→ **Information shown**:
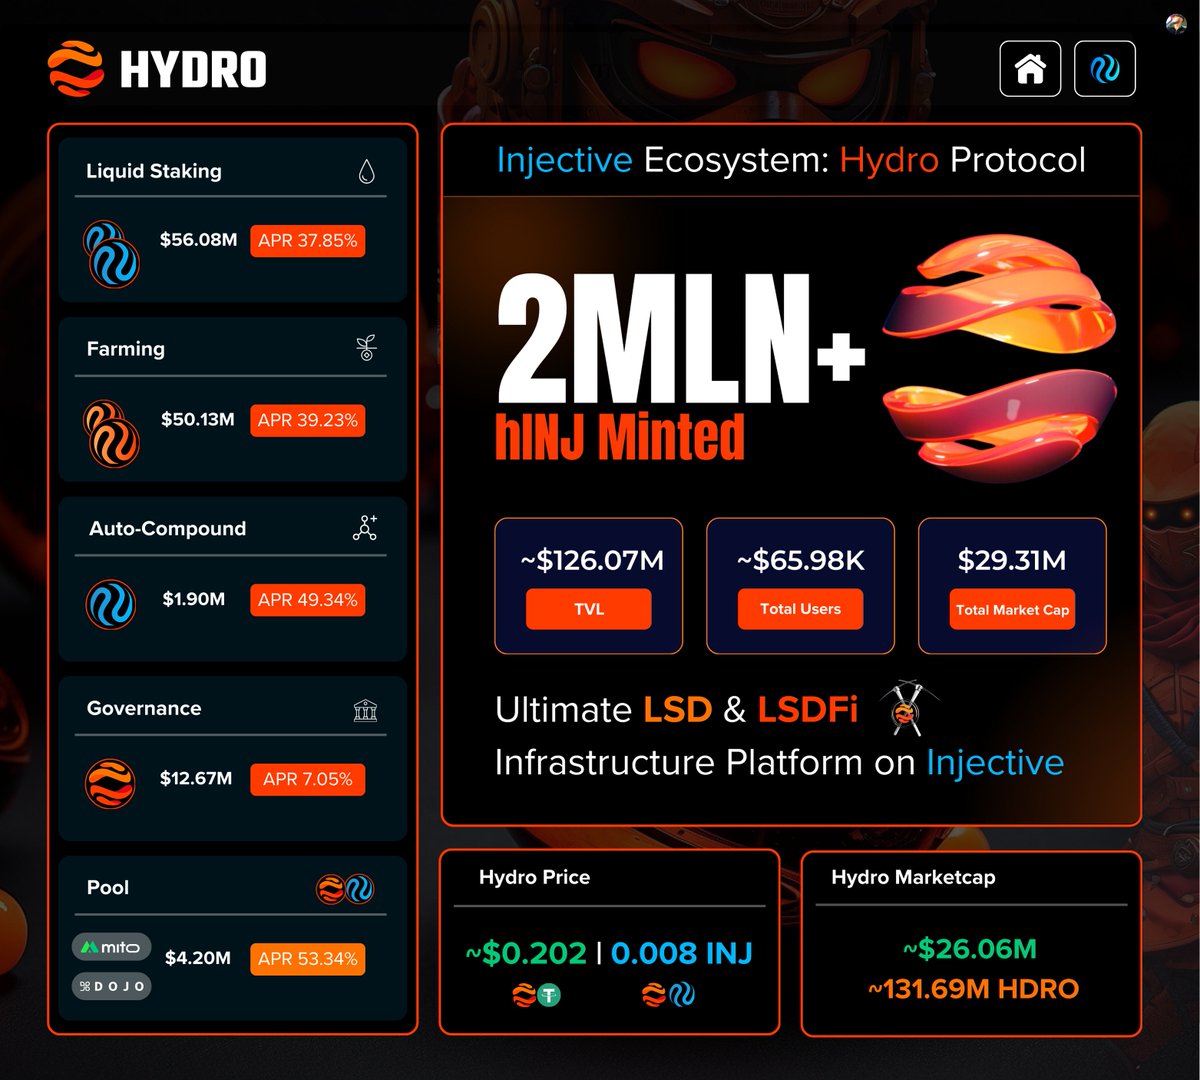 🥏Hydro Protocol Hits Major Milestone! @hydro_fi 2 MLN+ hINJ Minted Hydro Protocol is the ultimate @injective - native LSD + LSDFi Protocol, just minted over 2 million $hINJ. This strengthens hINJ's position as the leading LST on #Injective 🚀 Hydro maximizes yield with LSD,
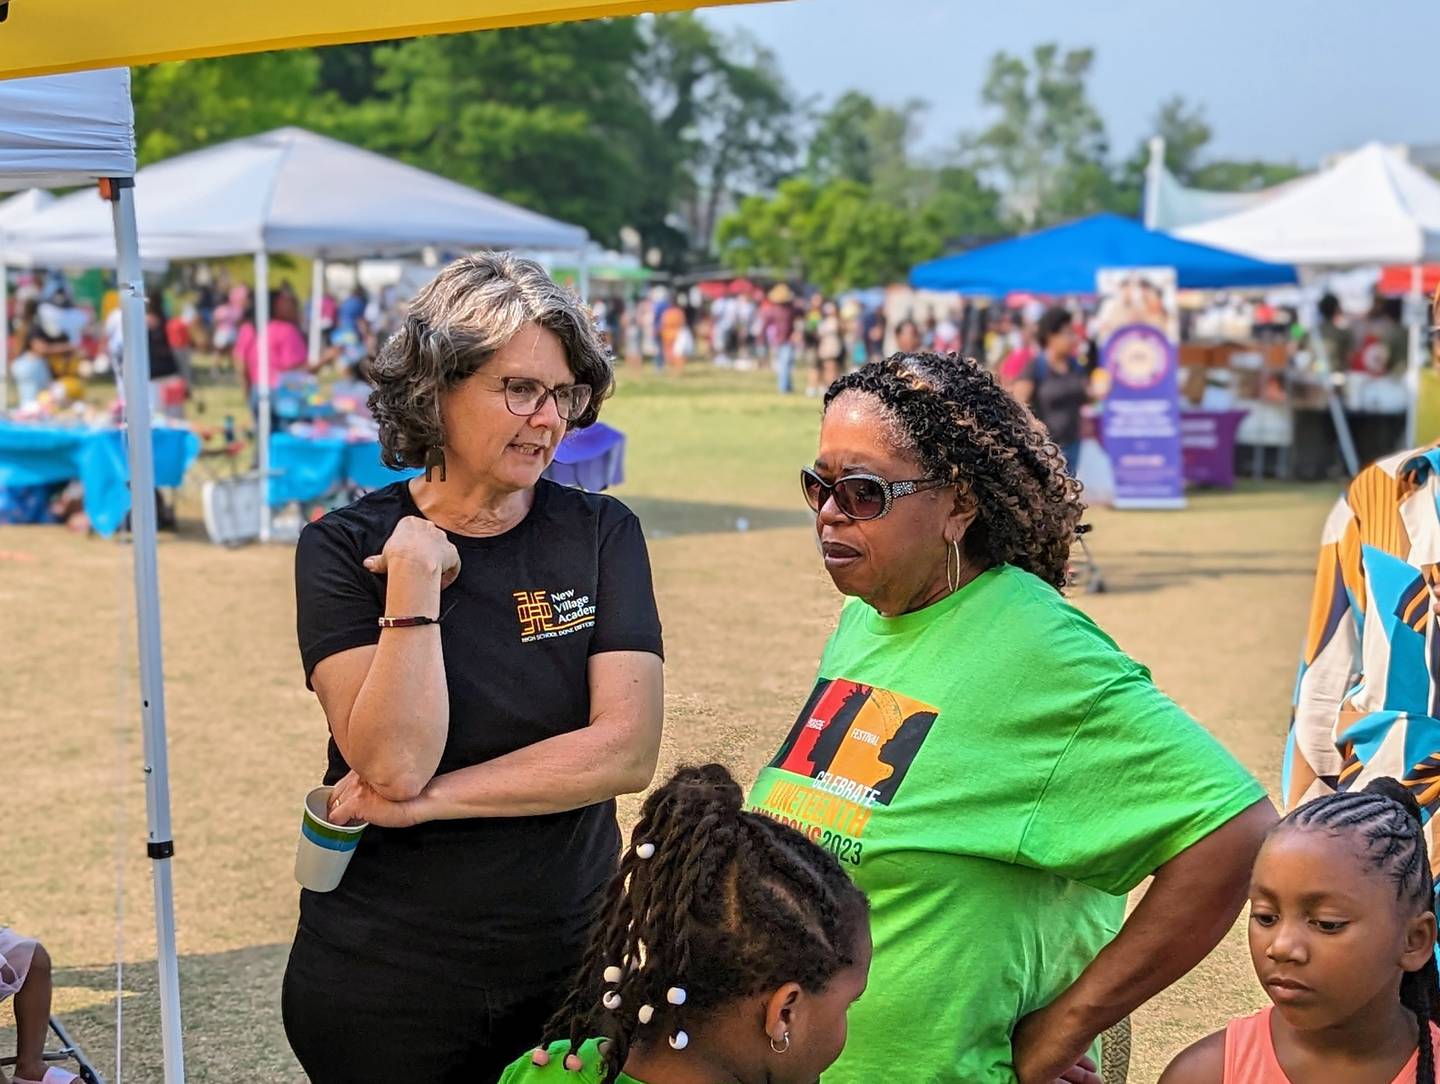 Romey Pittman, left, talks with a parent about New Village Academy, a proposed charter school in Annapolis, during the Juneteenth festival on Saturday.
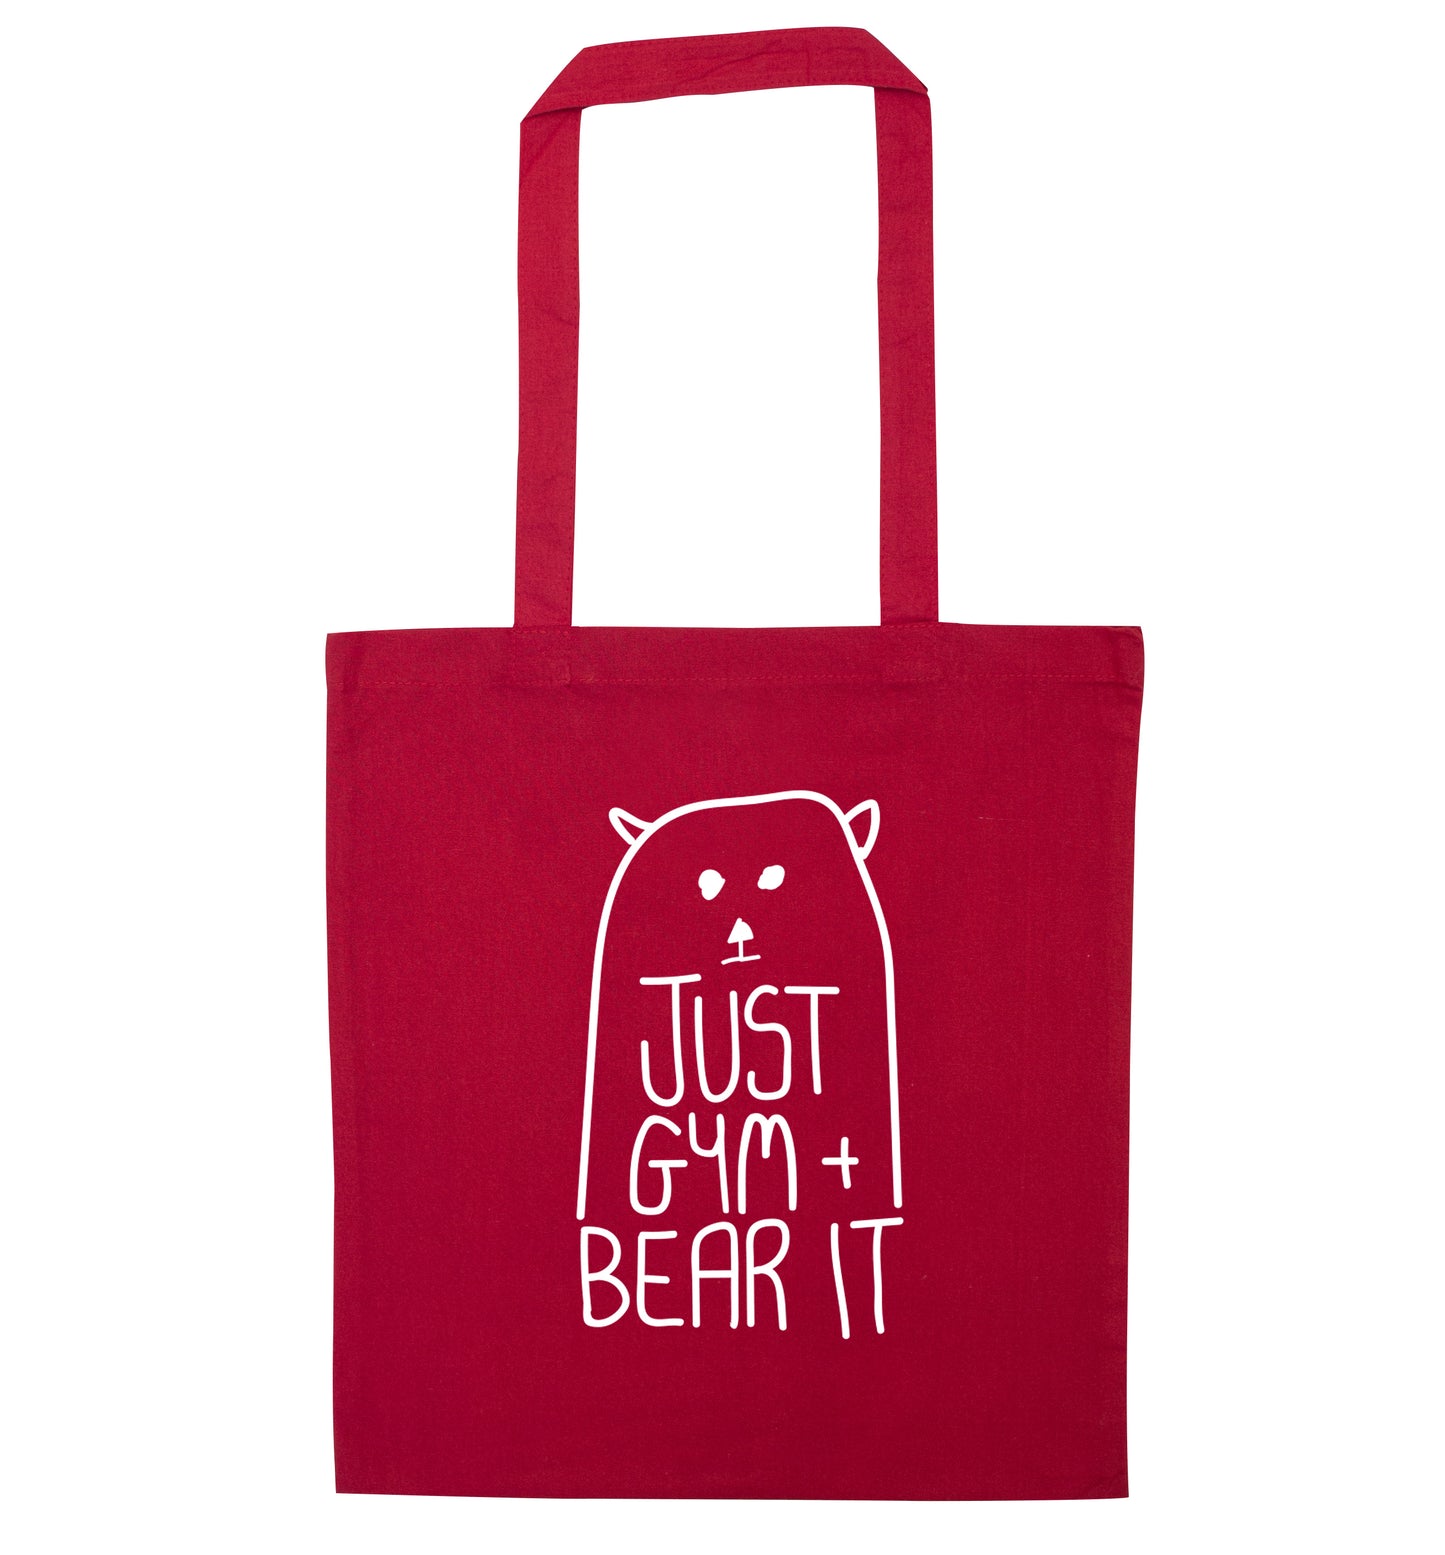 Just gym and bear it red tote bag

→ **Exercise objective**: Pictures stay out of the copy; print the material above exactly.

→ **Response to the task**:
 🥏Hydro Protocol Hits Major Milestone! @hydro_fi 2 MLN+ hINJ Minted Hydro Protocol is the ultimate @injective - native LSD + LSDFi Protocol, just minted over 2 million $hINJ. This strengthens hINJ's position as the leading LST on #Injective 🚀 Hydro maximizes yield with LSD,
 Romey Pittman, left, talks with a parent about New Village Academy, a proposed charter school in Annapolis, during the Juneteenth festival on Saturday.
 Just gym and bear it red tote bag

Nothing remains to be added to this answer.